The high stakes have elected officials, transportation advocates and project opponents trying to influence the relatively few voters who hold the cards.

"You have the classic situation of those immediately affected versus a much broader public that sees some general benefit," said Jack Pitney, political science professor at Claremont McKenna College.

The pro-CenterLine effort, led by Irvine Mayor Larry Agran, has spent at least $80,000, campaign statements show. Voters have received most of the pro-CenterLine mailers courtesy of the Safe and Healthy Communities Fund, formed by Agran ally Ed Dornan to fight a commercial airport at the closed El Toro Marine Corps Air Station.

The mailers emphasize that the project is supported by elected officials in Irvine and throughout the county. They also have included absentee ballot applications, a critical component to boost turnout for single-issue special elections.

In the most recent special election involving Irvine's 72,000 registered voters, only about 9,700 votes were cast, and 72% of those were absentee ballots, according to election documents. Those results helped send former Assemblyman Bill Campbell to the Board of Supervisors.

"This is a very important election and a very important decision," Agran said. "Absentees will probably be half the votes, but the turnout will probably be better than the Bill Campbell election. I'm guessing 25%-30%. The people of Irvine care a great deal about this issue."

The anti-CenterLine campaign has raised about $7,000, most from former Irvine Councilman Greg Smith. Bill Mavity, treasurer of Fund Alternatives Instead of Rail Transit, said they have tried to reach absentee voters through mailings and a telephone message from Campbell, who opposes the project.

The Orange County Transportation Authority has lobbied hard for the proposal over the years, arguing that it is necessary for the county's transportation future.

Much is at stake for Agran, a longtime supporter of light rail and transit. It is his first major political fight since the battle to kill the airport at El Toro in favor of a large urban park and residential and commercial development.

This time, he favors a large public works project that some see as intrusive, expensive and unnecessary.

His vision includes high-density residential and commercial villages served by light rail, such as the recently proposed Jamboree Corridor, which would include 4,000 homes and two 18-story towers.

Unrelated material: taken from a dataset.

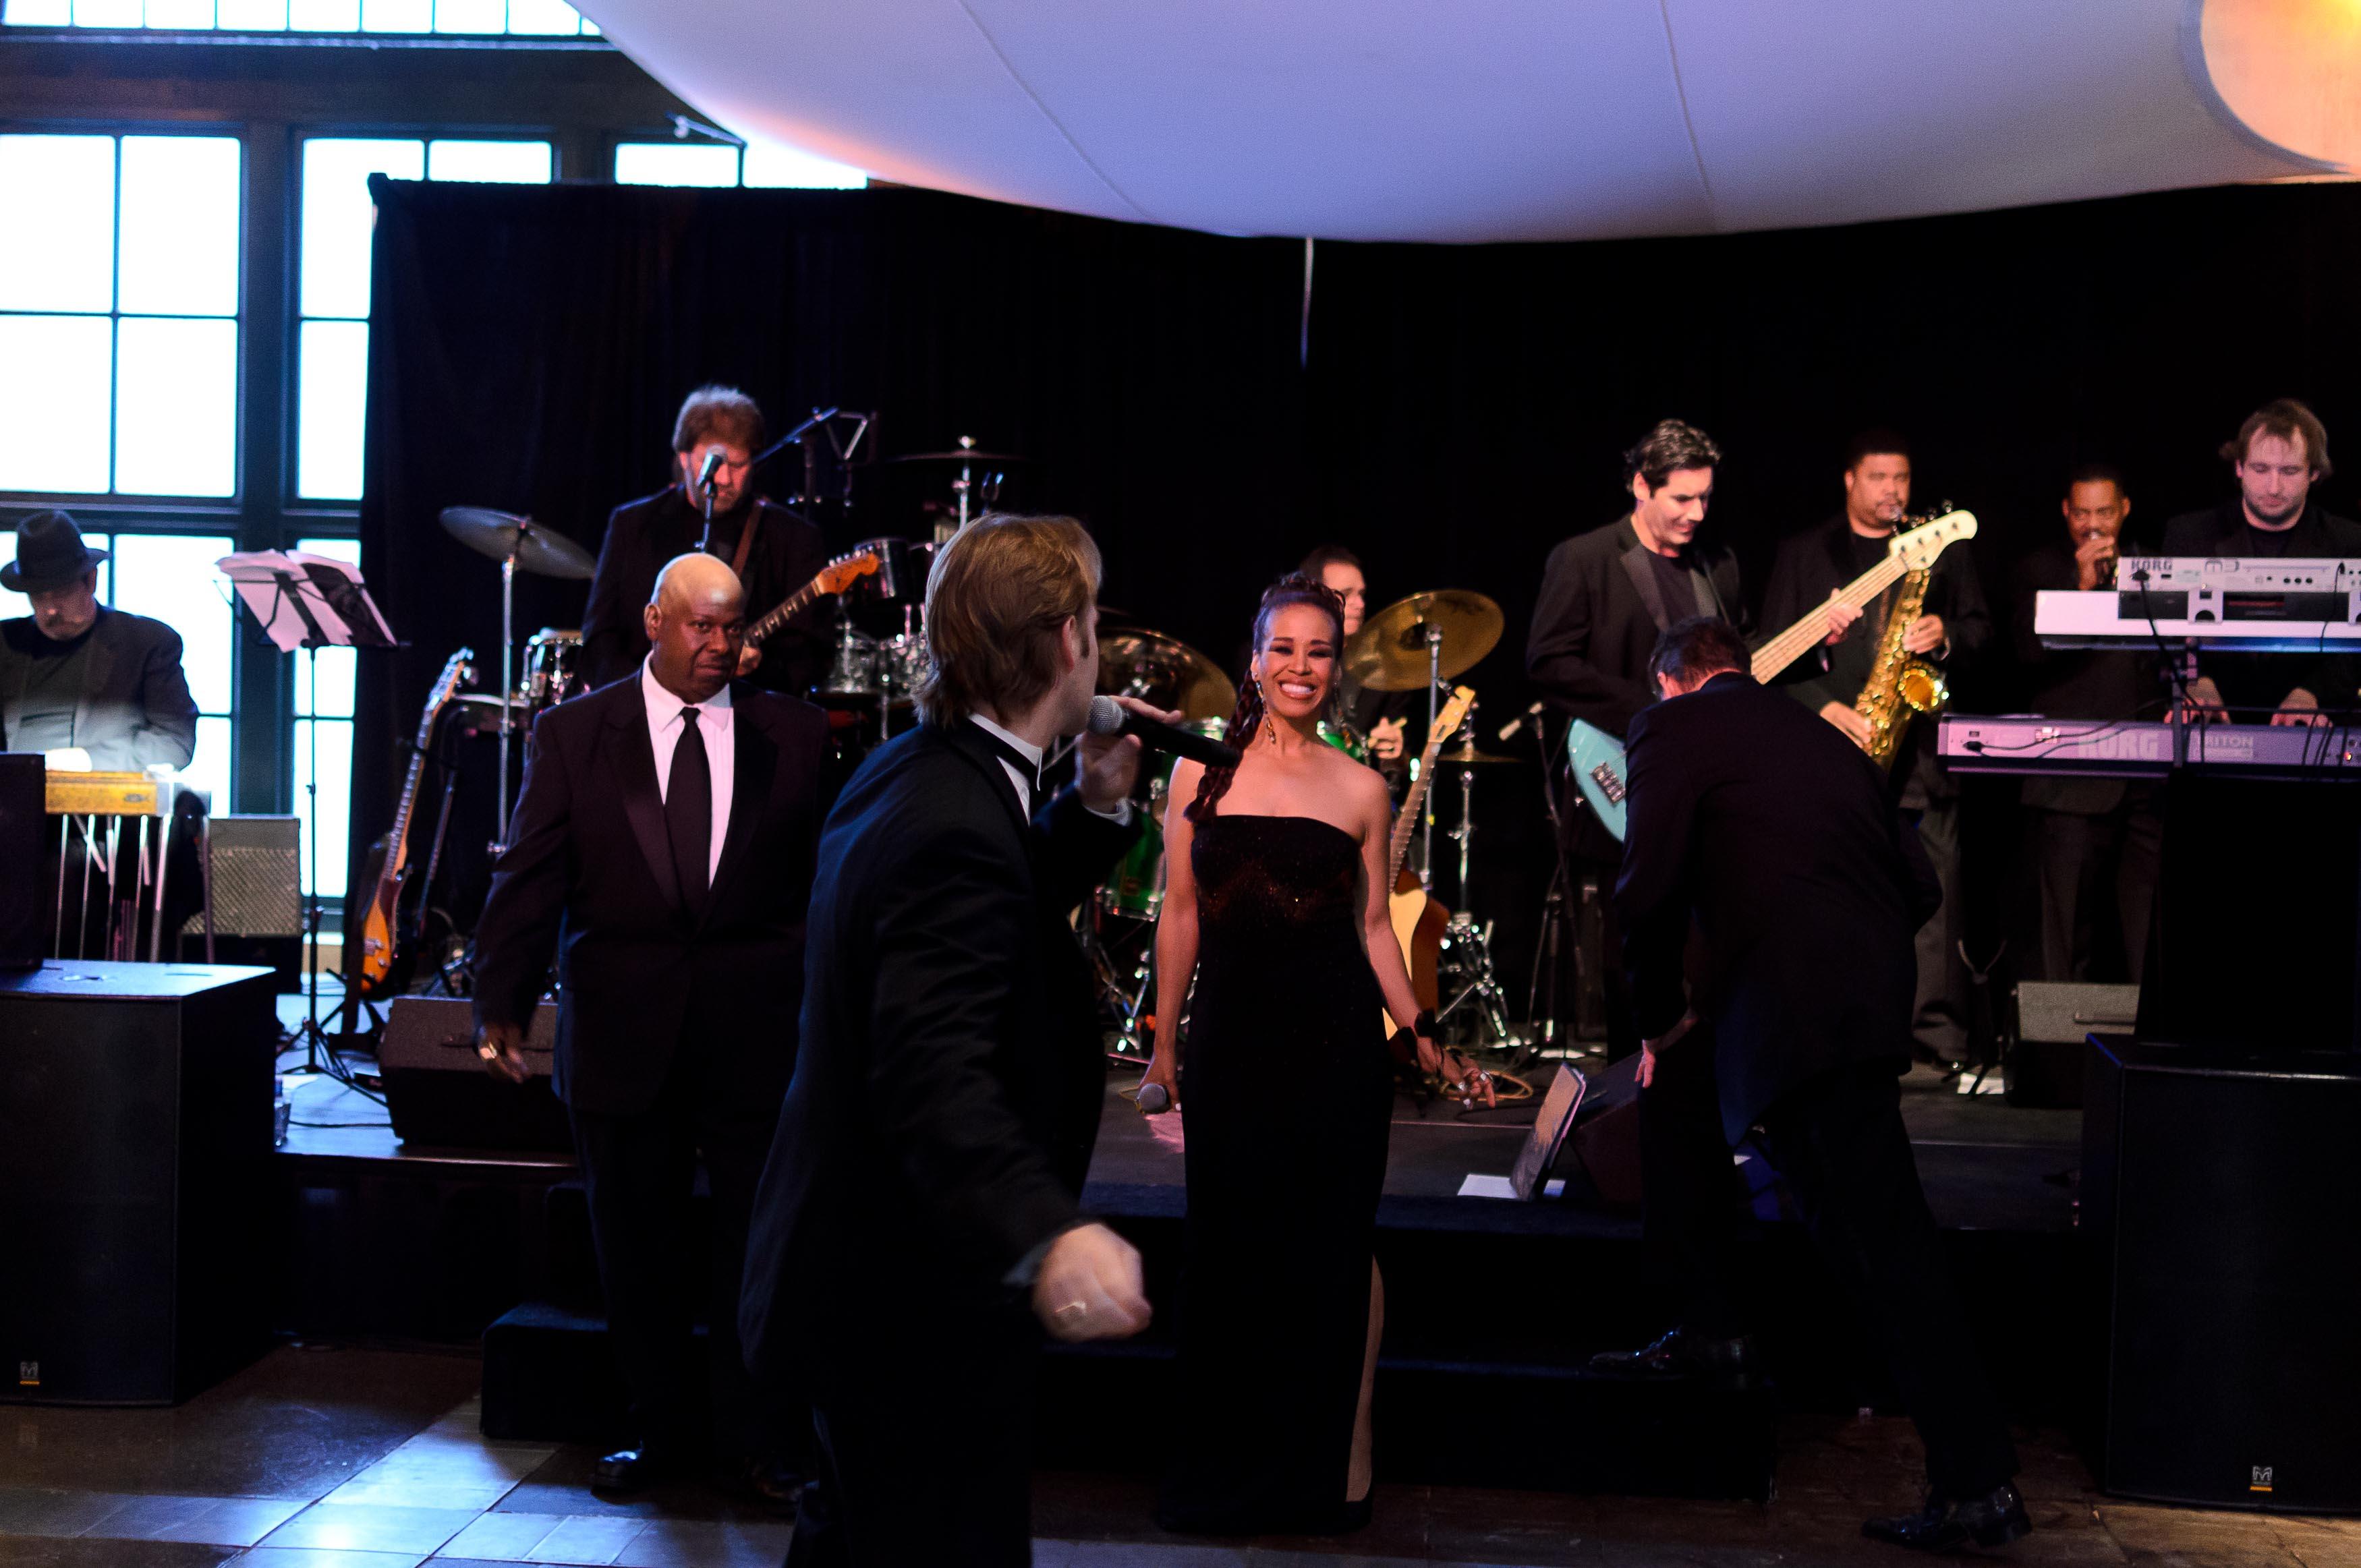 Weddings-Heinz History Center-Kelsey & Ben-Modern Color Pop_Low Res-19

Smith said the mayor is trying to change Irvine from suburban to urban, like Los Angeles. "Irvine is not like L.A.," Smith said. "It is not as dense where the transit runs. We are a relatively low-density community. Unless CenterLine serves distant urban centers, light rail won't work in our setting."

Agran disagreed, saying many Irvine residents favor light rail and have accepted luxury high-rises and dense condominium projects approved by the City Council.

"No one is complaining about the quality of life in Irvine," Agran said. "Generally, people want us to get out front in controlling traffic. That is what CenterLine is all about."

Funding would come from the county's half-cent sales tax for transportation projects, hundreds of millions of state and federal tax dollars, as well as $125 million reserved for the city from state rail bonds.

CenterLine has been endorsed by the Sierra Club, the American Assn. of Retired Persons, Transit Advocates of Orange County, the Irvine Chamber of Commerce, the Placentia City Council and about 120 elected officials and community leaders.

Opposing CenterLine are Fund Alternatives Instead of Rail Transit in Irvine, the Republican Central Committee of Orange County and the South Orange County Community College District. A group of 20 to 25 elected officials in the county have asked OCTA to withdraw its support for the project.

"If it fails, there are options -- it might not be totally dead," said Cypress City Councilman Tim Keenan, chairman of the county transportation board. "There is still support around the county for it, north and west. But it would be tough, no question. We would have to seriously reexamine the project."